── DATA FOR PROCESSING ──

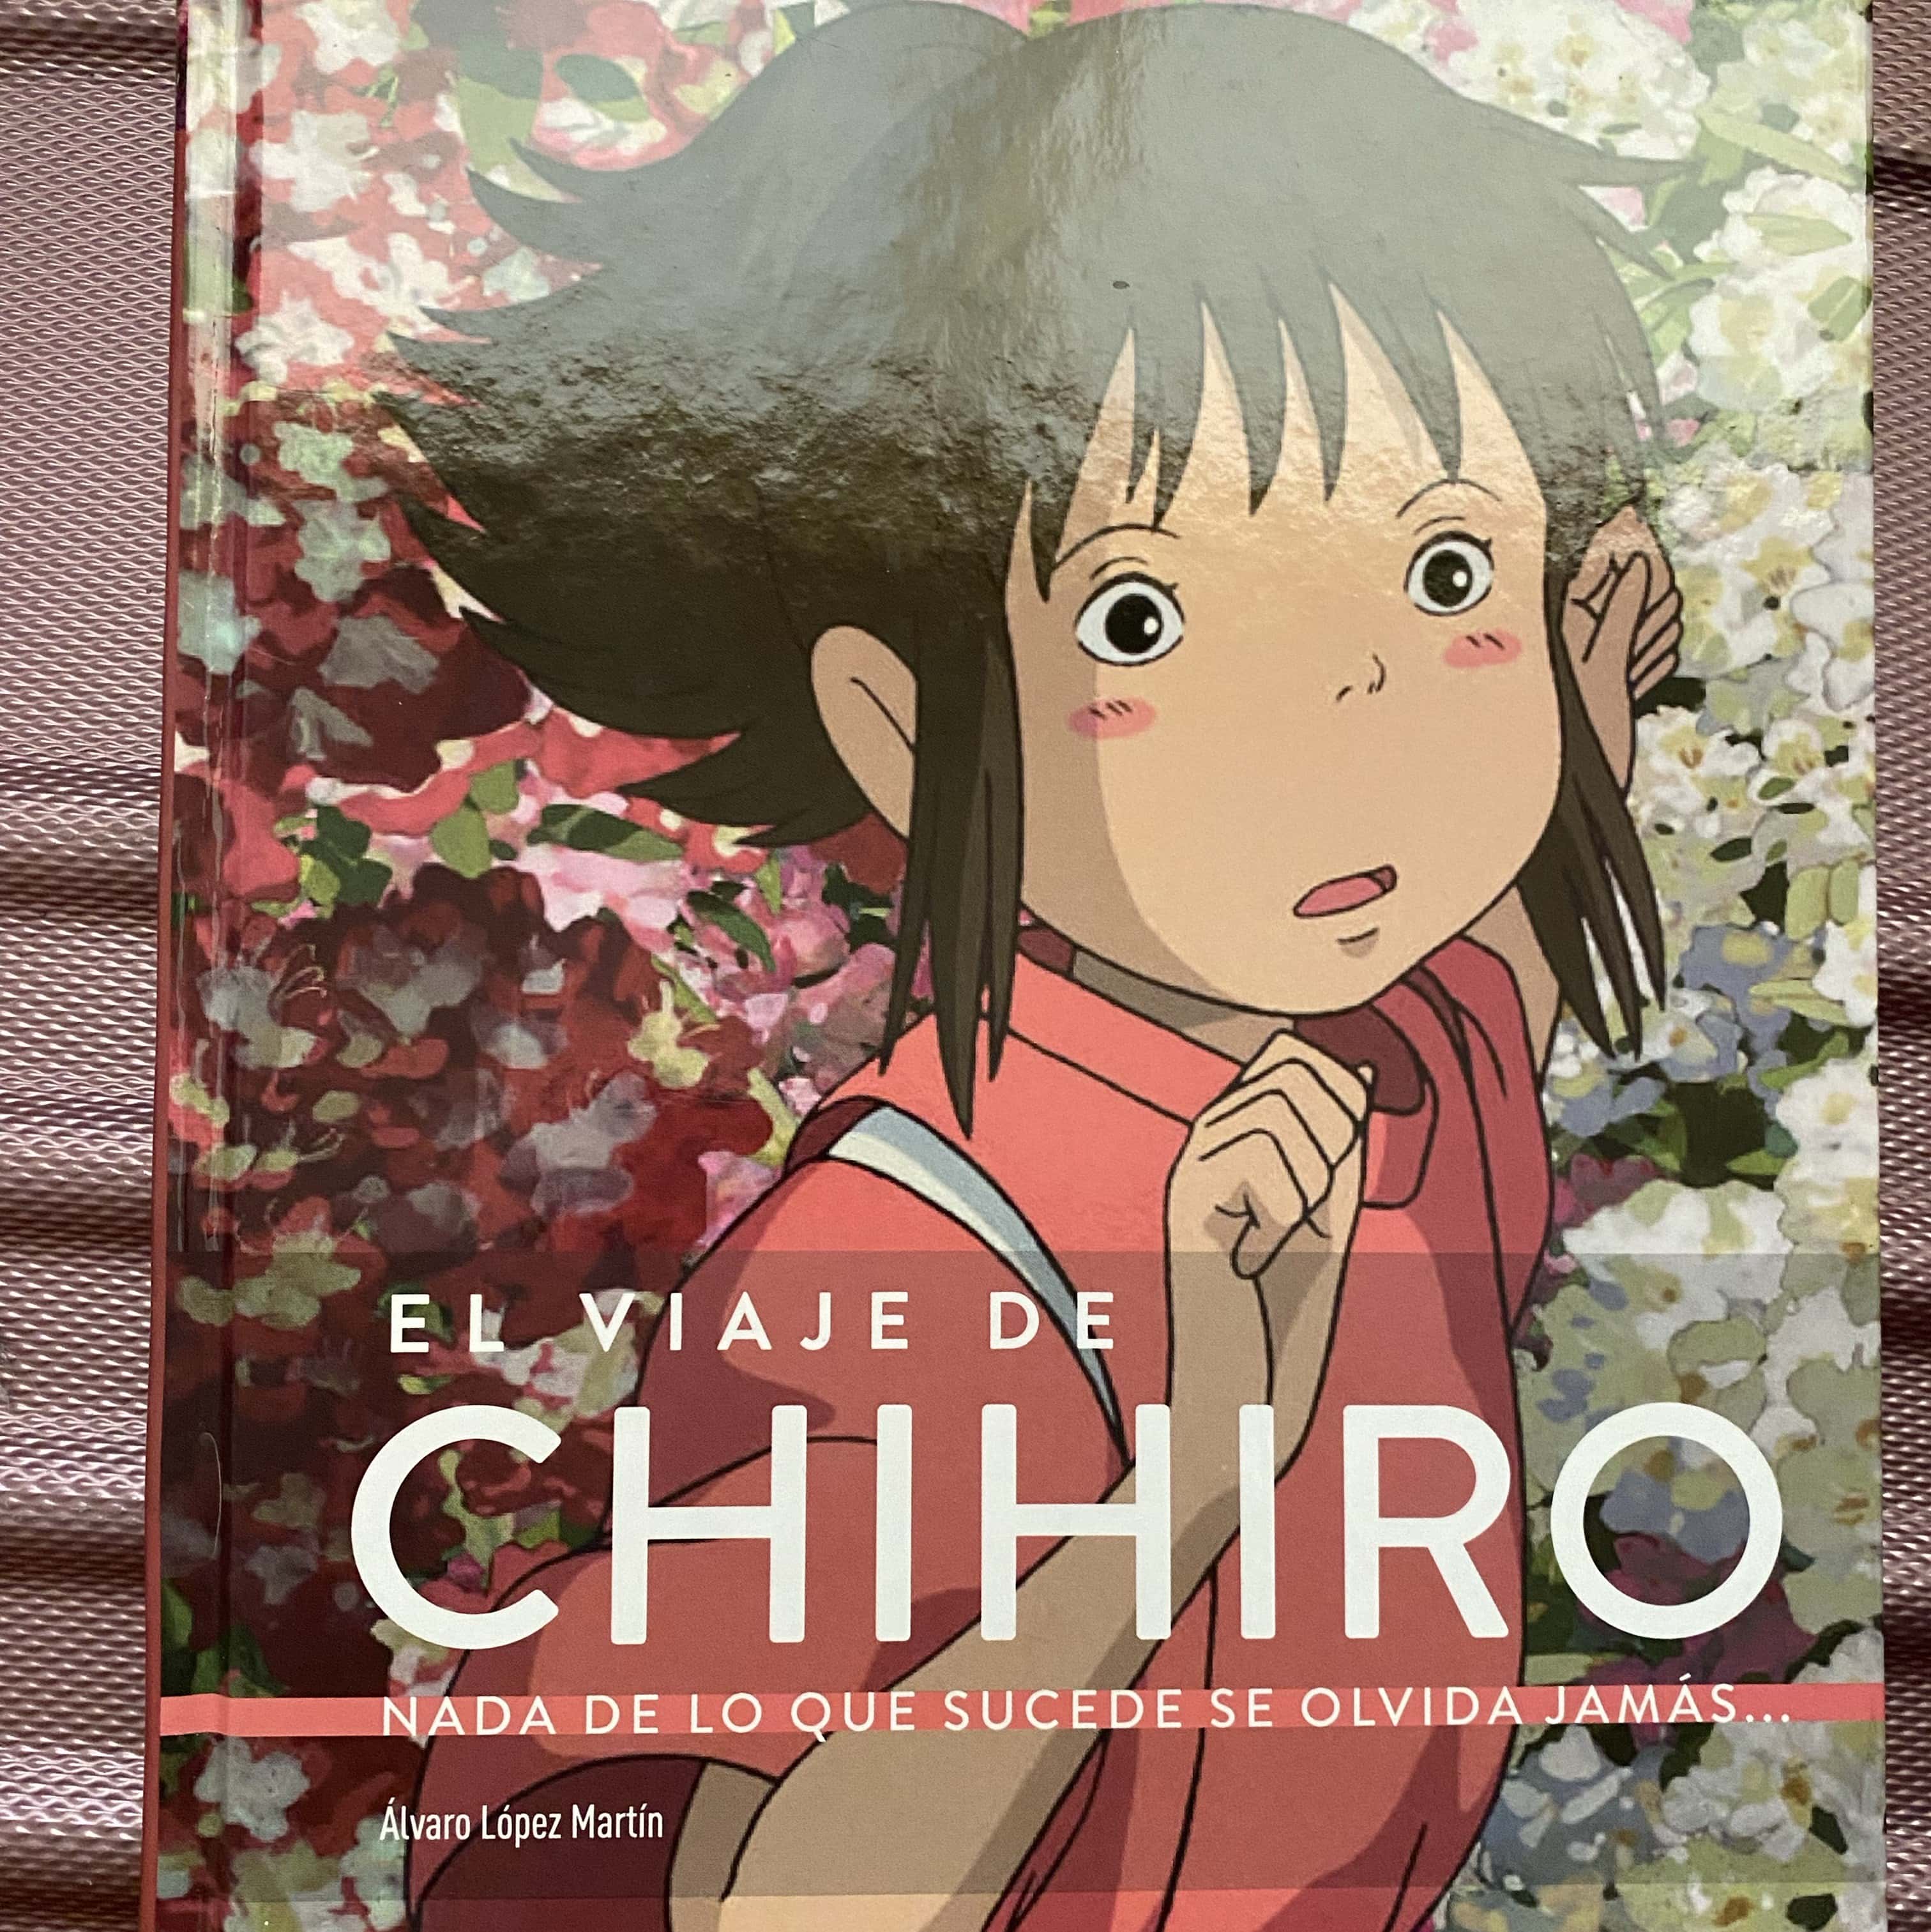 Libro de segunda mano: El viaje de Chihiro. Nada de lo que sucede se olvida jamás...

───
── DATA FOR PROCESSING ──

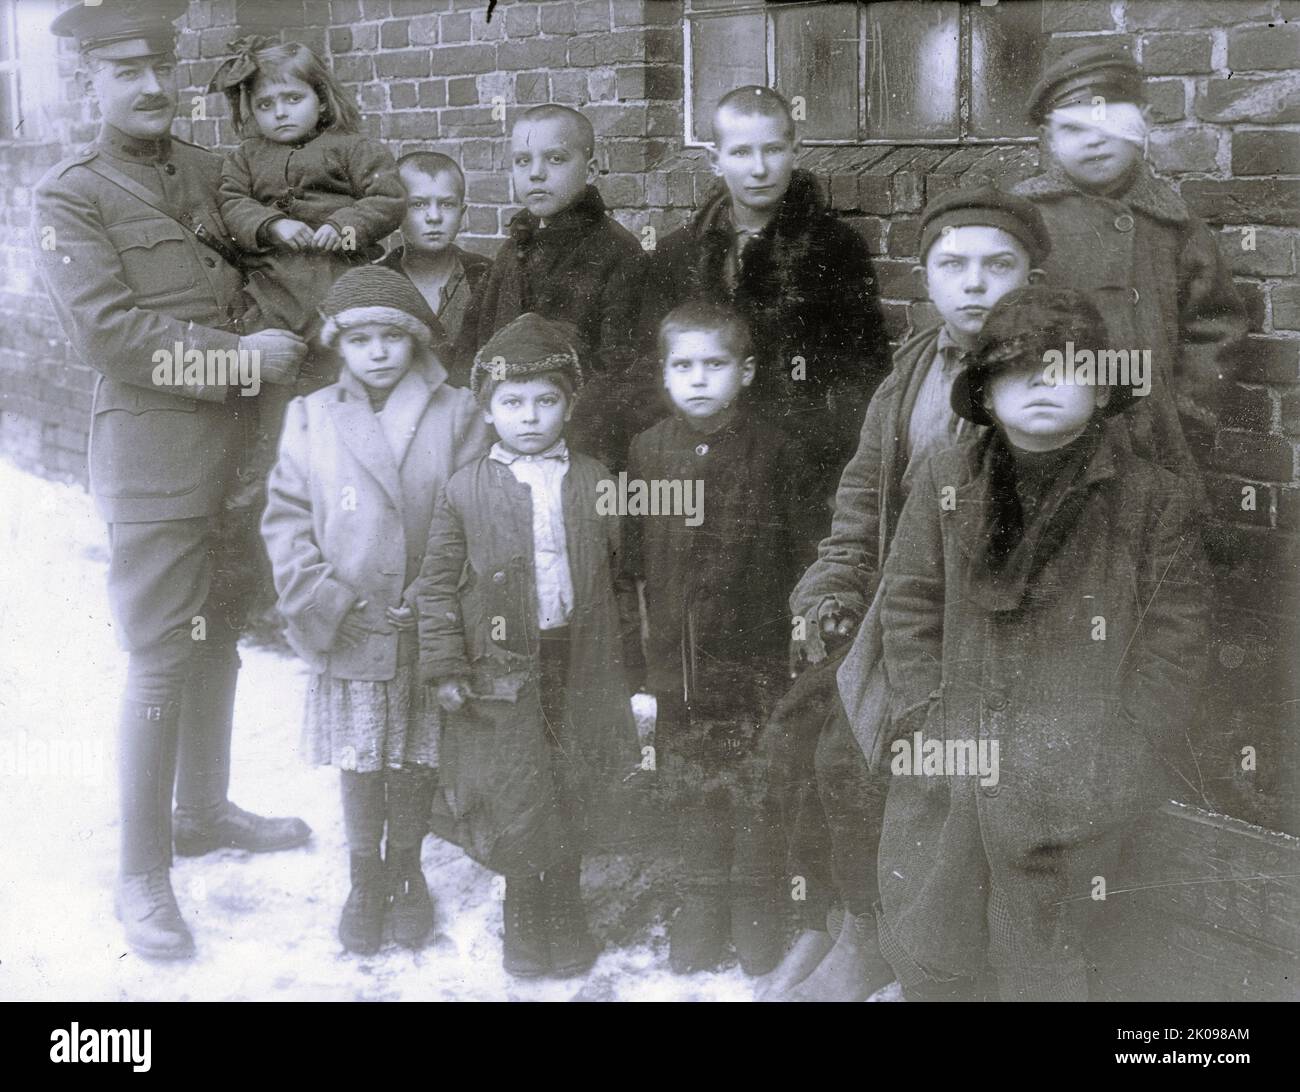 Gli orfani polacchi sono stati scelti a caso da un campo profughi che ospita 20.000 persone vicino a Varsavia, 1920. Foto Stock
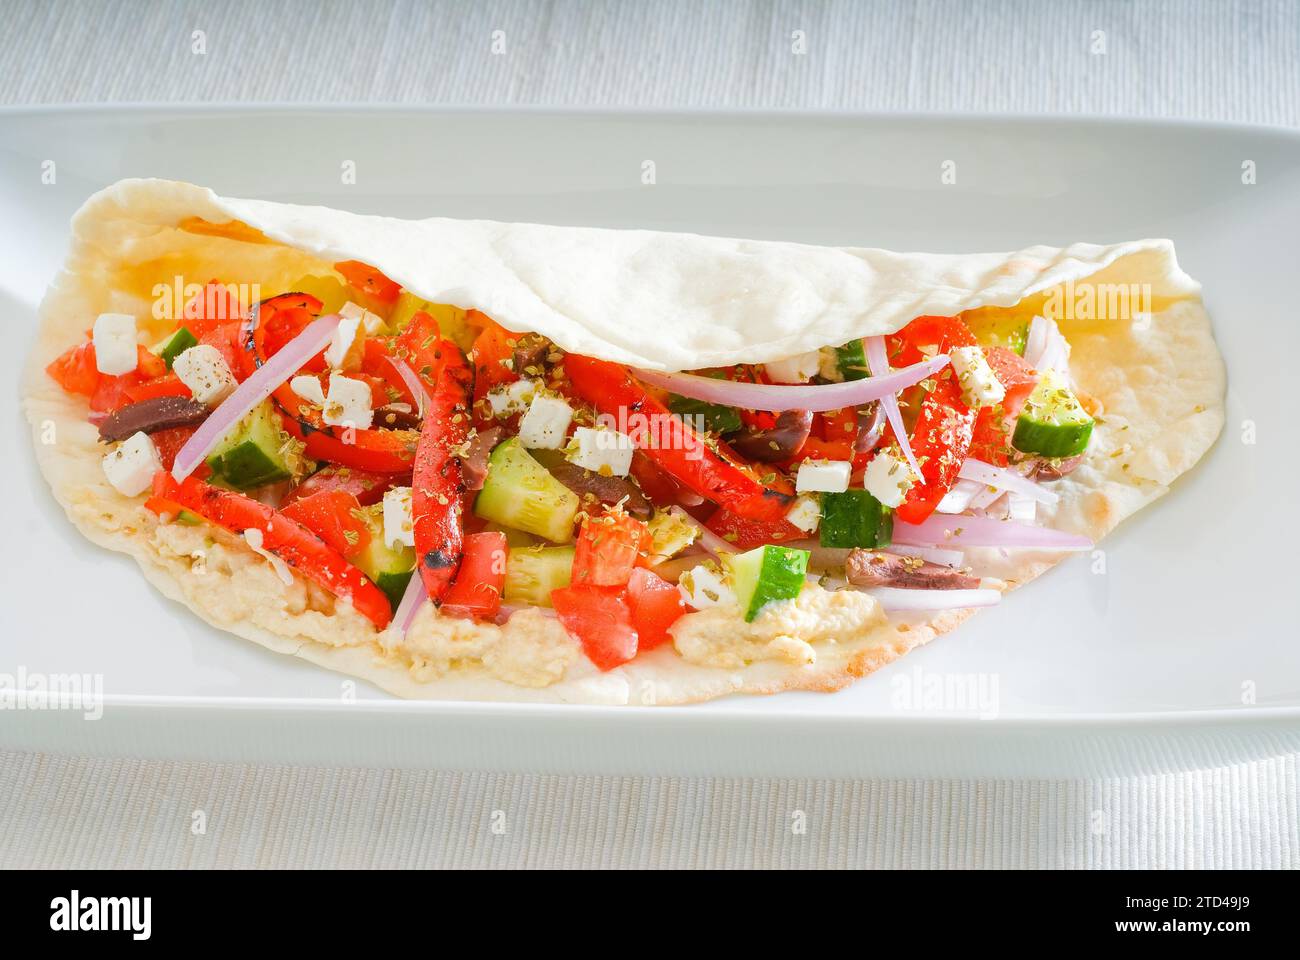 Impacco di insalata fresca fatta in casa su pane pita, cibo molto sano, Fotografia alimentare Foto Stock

───

## [PROBLEM]
Output only the stretch above from the line with "Gli orfani polacchi" through the line with "Impacco di insalata", reproduced exactly. Exclude pictures.

## [ANSWER FOR THIS EXERCISE]
 Gli orfani polacchi sono stati scelti a caso da un campo profughi che ospita 20.000 persone vicino a Varsavia, 1920. Foto Stock
 Impacco di insalata fresca fatta in casa su pane pita, cibo molto sano, Fotografia alimentare Foto Stock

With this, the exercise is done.